--- Records for the task Enclosed Below ---

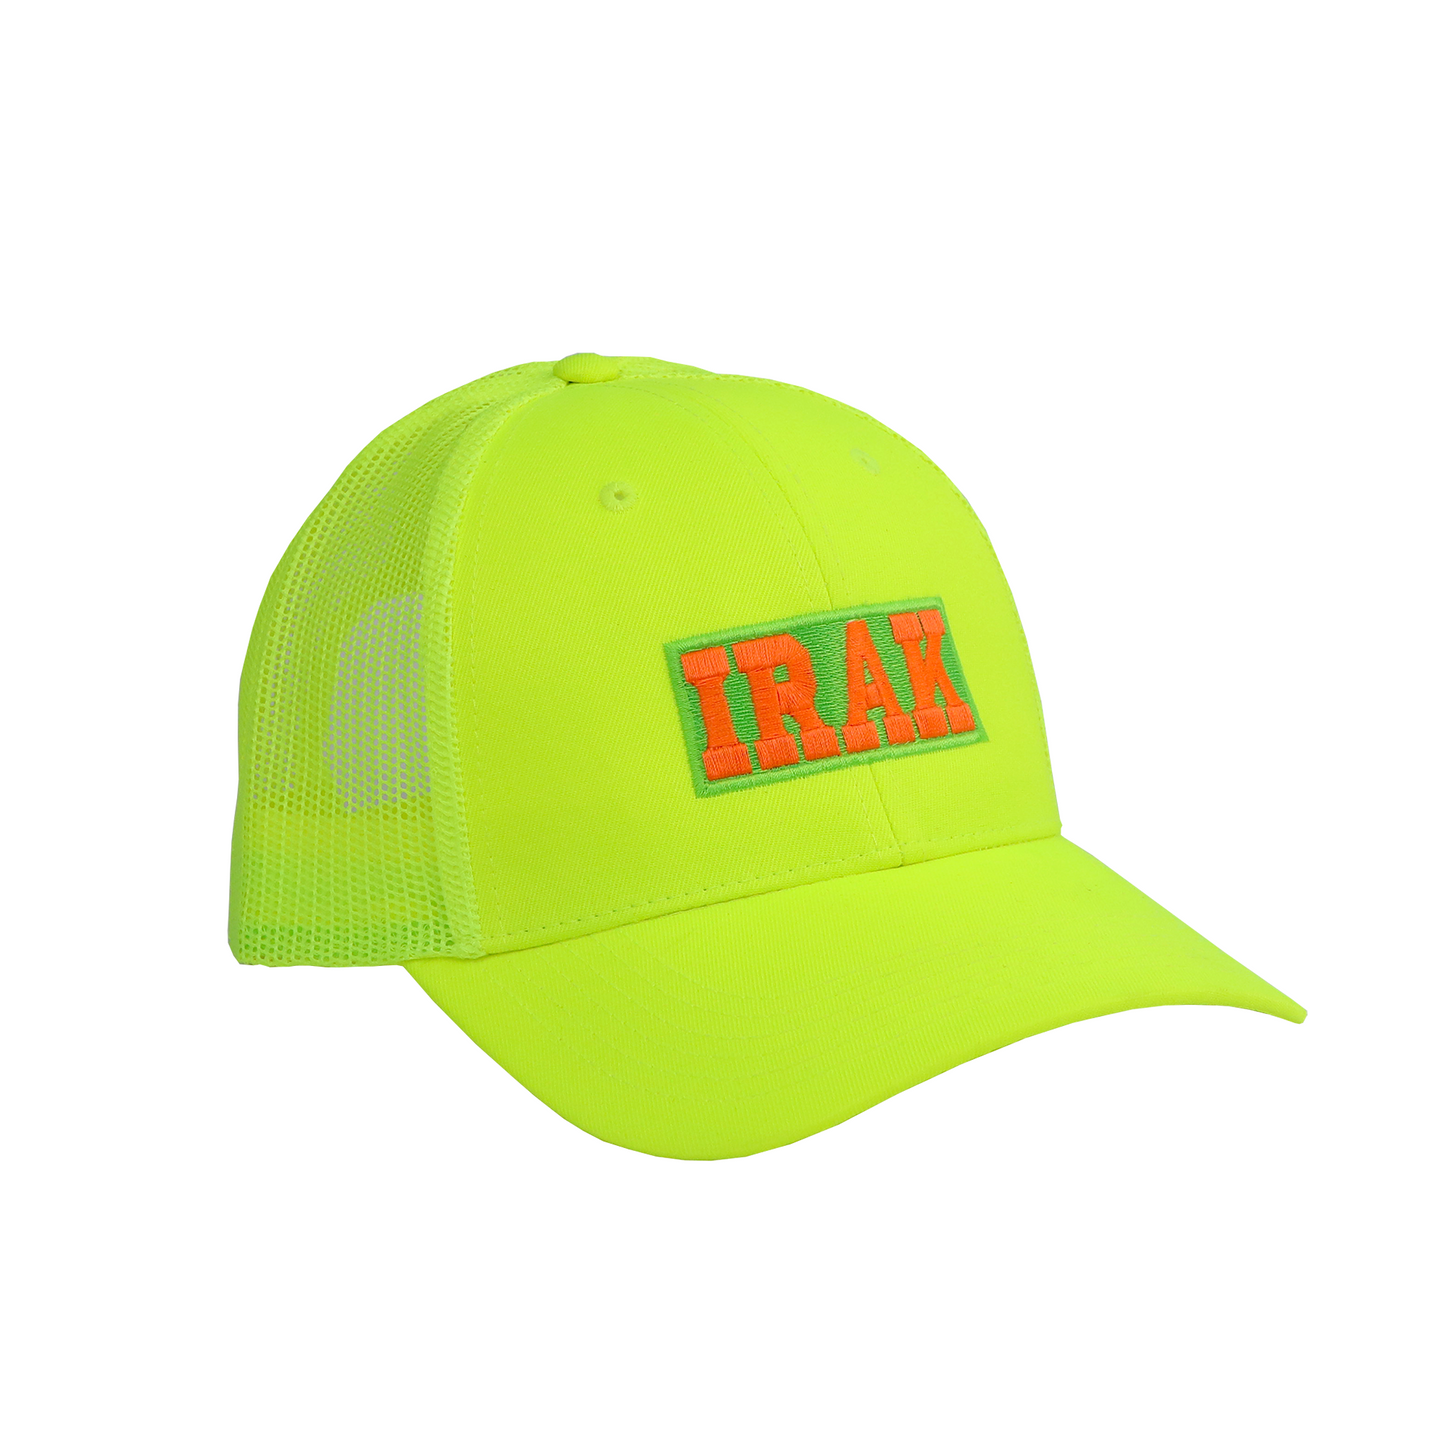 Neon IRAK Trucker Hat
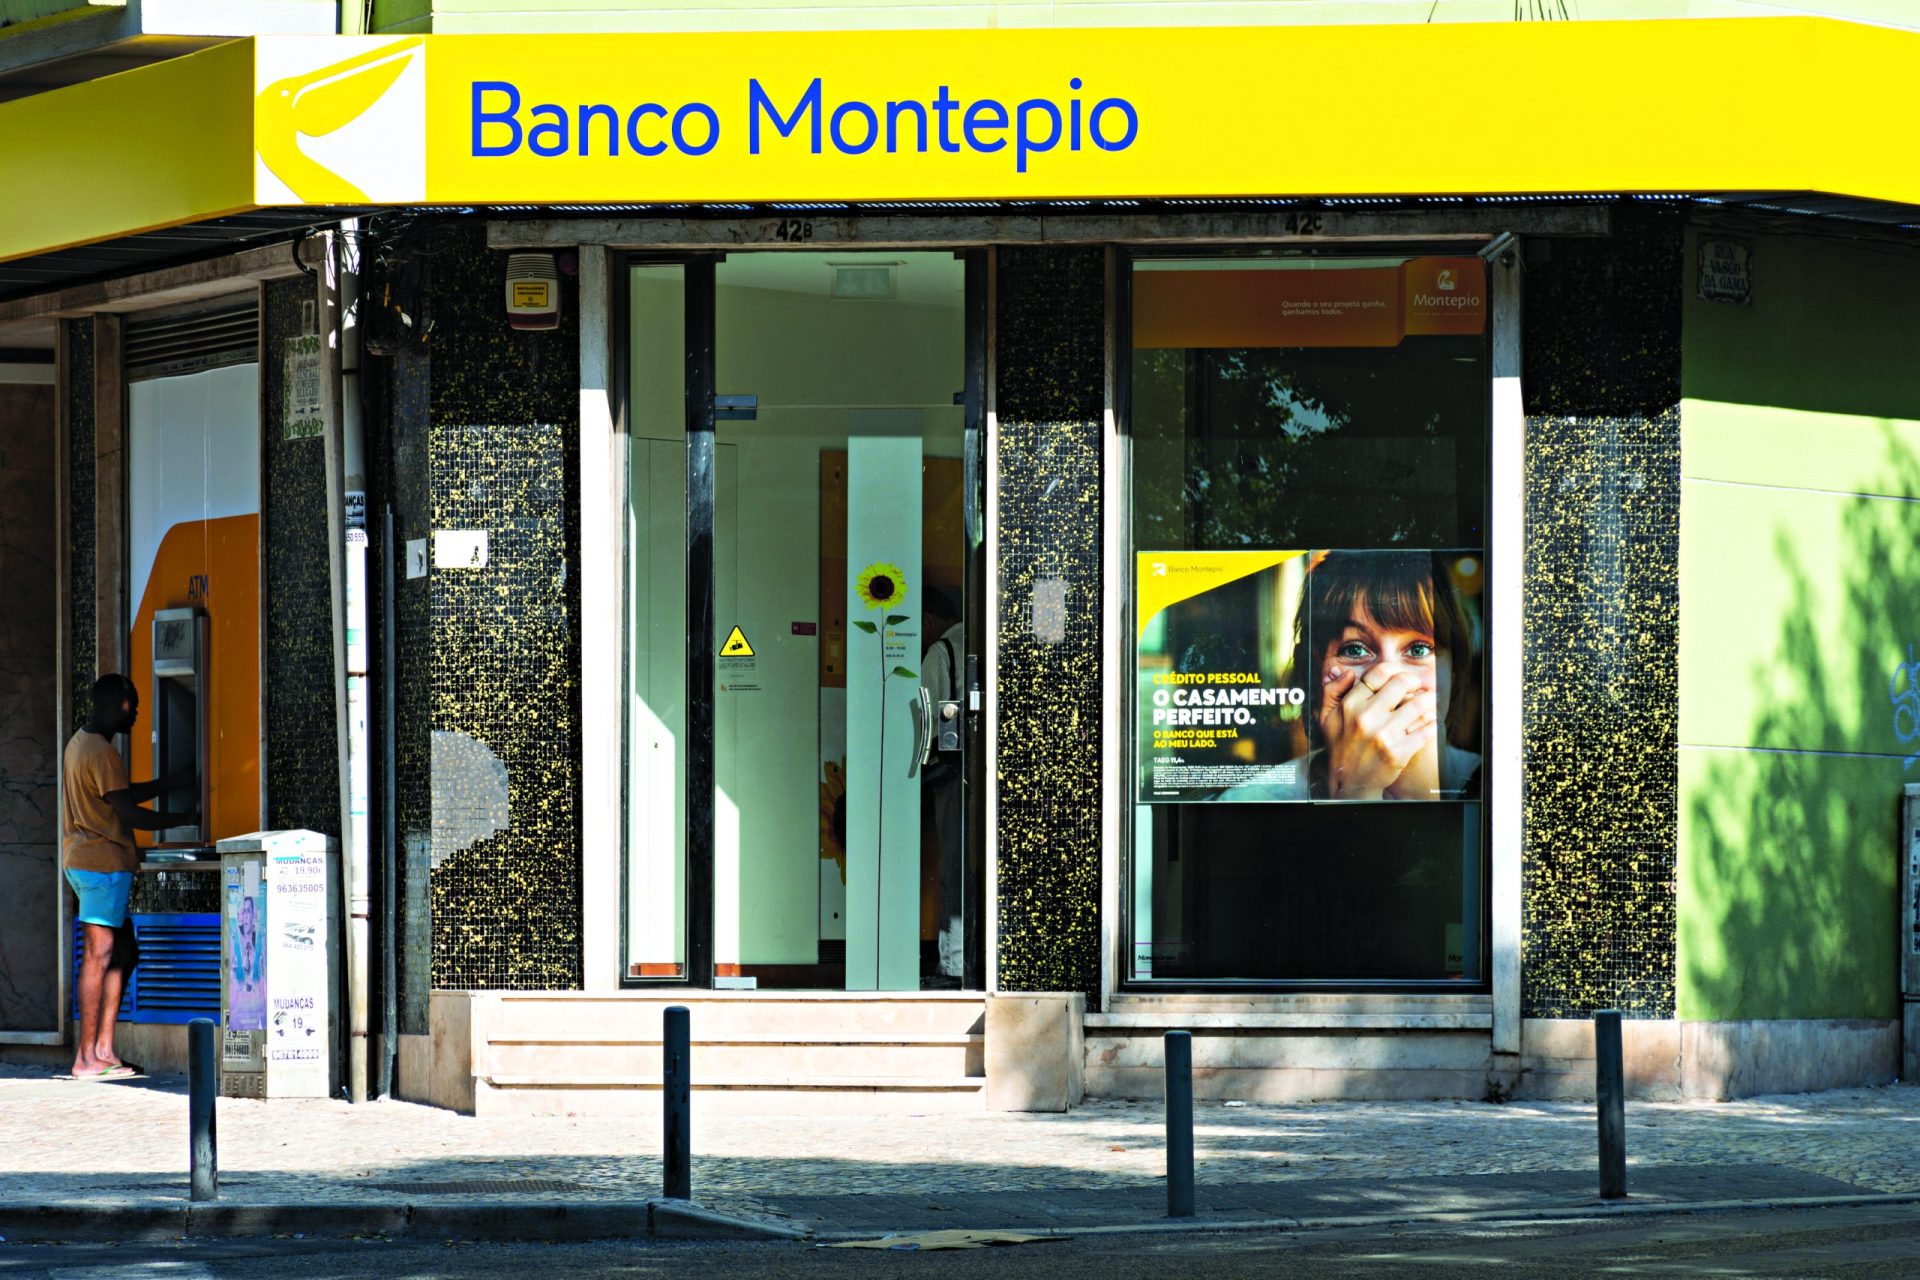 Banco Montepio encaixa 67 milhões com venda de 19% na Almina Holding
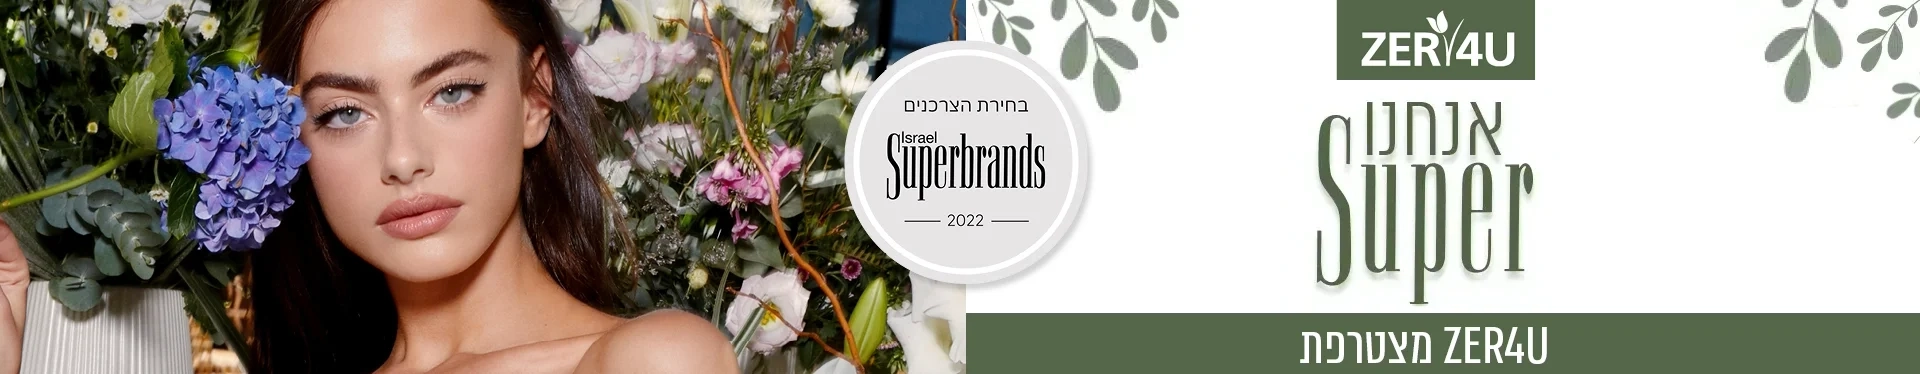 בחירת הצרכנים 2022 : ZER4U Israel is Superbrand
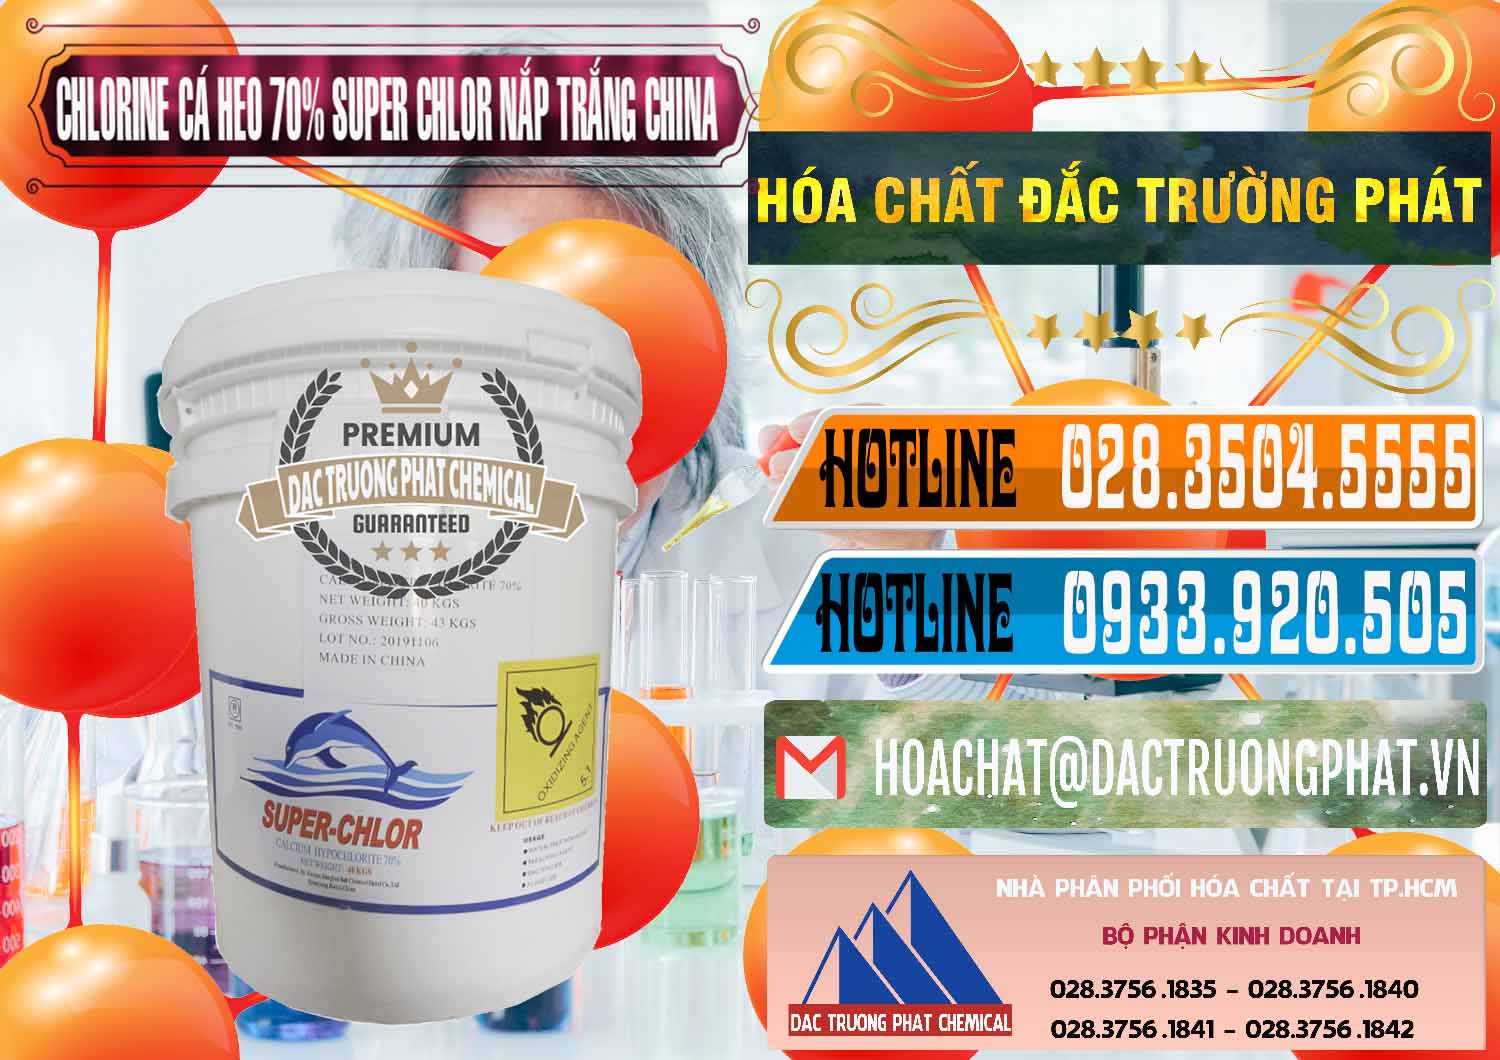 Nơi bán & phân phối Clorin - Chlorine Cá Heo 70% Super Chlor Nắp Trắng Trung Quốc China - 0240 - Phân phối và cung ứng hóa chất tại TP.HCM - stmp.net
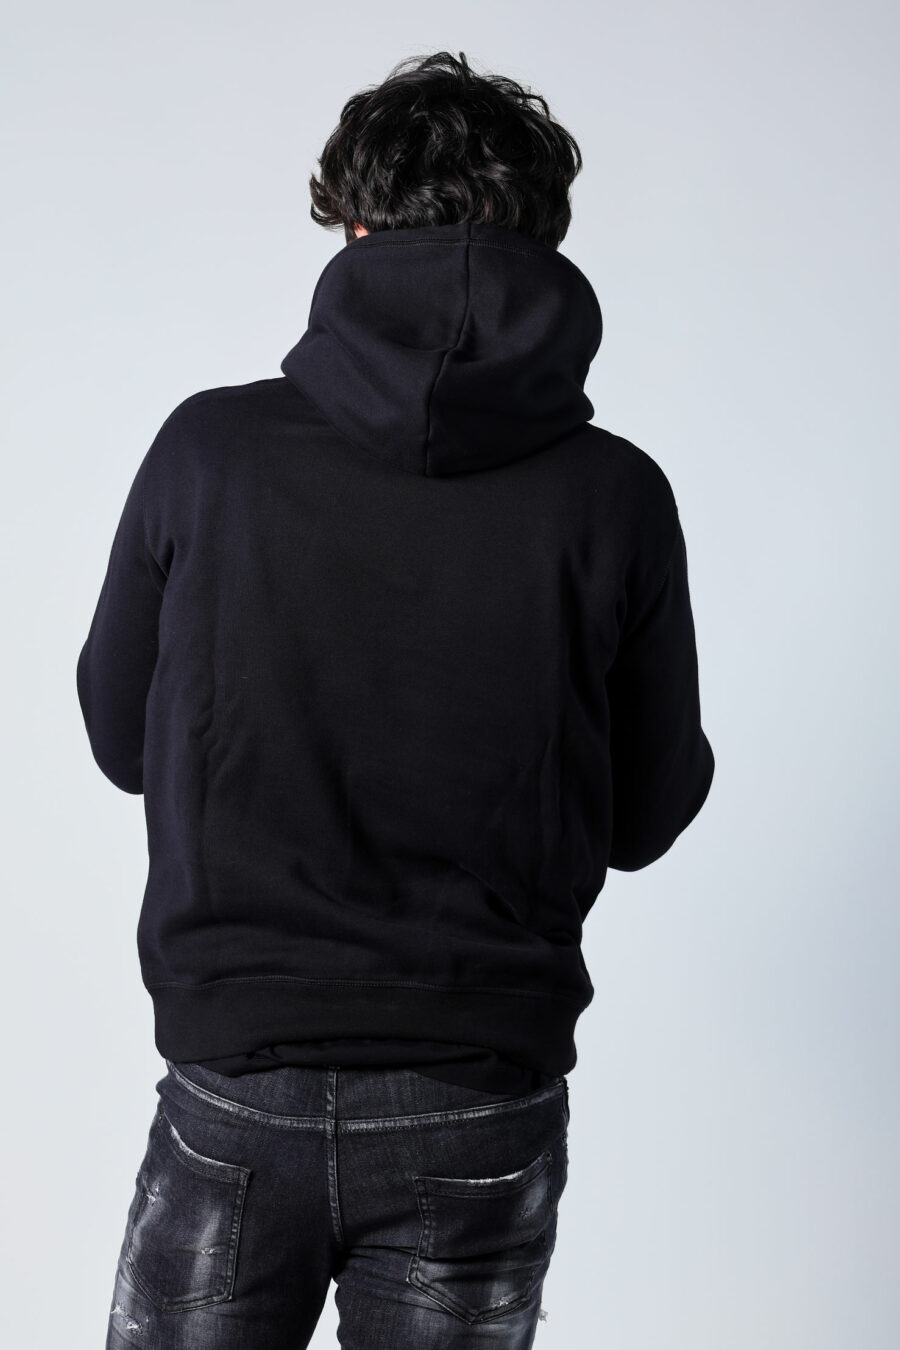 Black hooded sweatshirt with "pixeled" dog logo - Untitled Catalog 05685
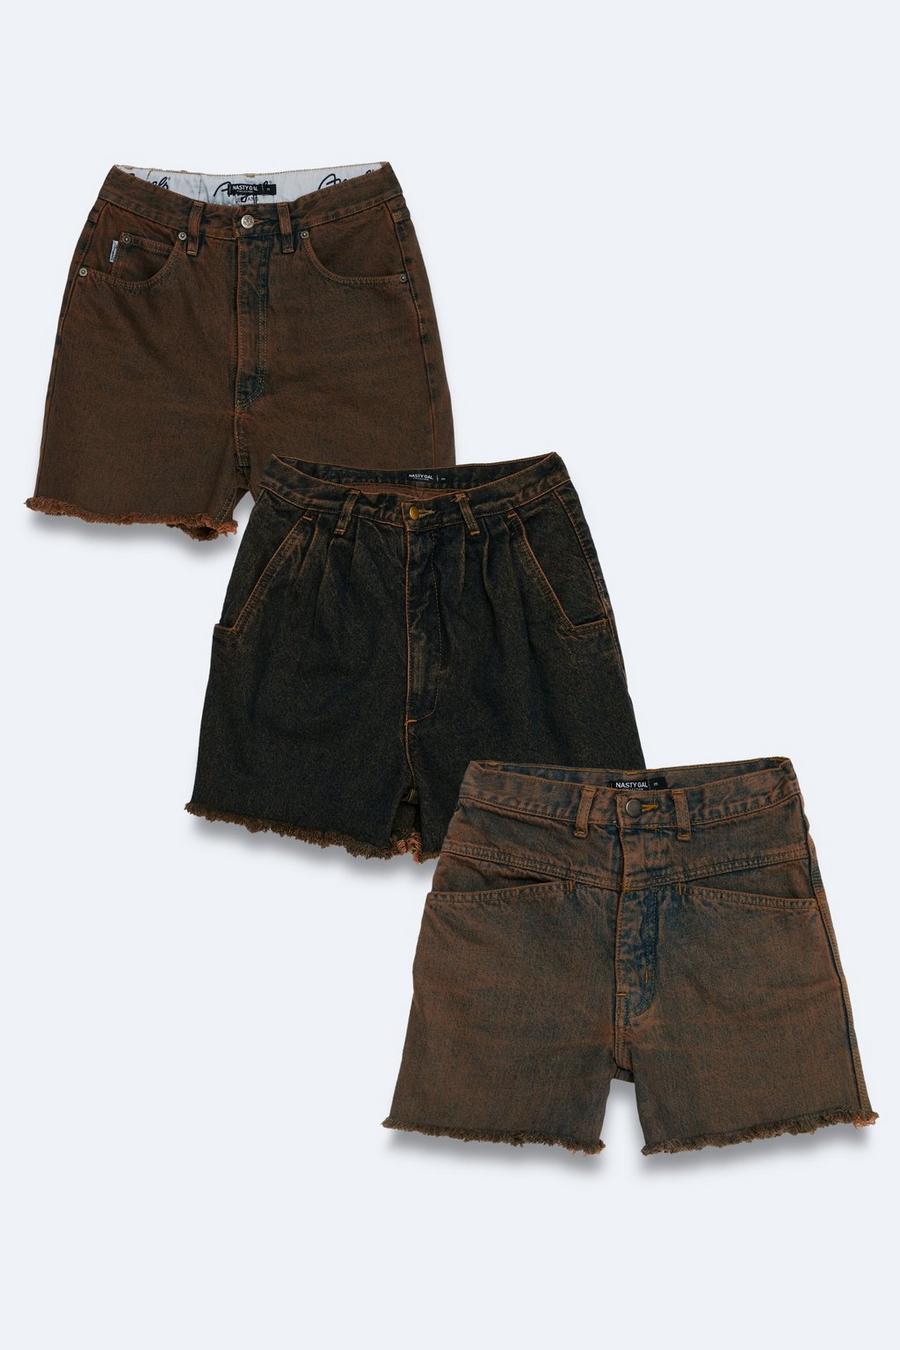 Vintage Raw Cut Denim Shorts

--- End of Enclosed Records for the task ---

### Instructions for the task:
Leave out the pictures, and give all the records again exactly.

### Expected output:
 Neon IRAK Trucker Hat
 Banco Montepio encaixa 67 milhões com venda de 19% na Almina Holding
 בחירת הצרכנים 2022 : ZER4U Israel is Superbrand
 Nơi bán & phân phối Clorin - Chlorine Cá Heo 70% Super Chlor Nắp Trắng Trung Quốc China - 0240 - Phân phối và cung ứng hóa chất tại TP.HCM - stmp.net
 Black hooded sweatshirt with "pixeled" dog logo - Untitled Catalog 05685
 Vintage Raw Cut Denim Shorts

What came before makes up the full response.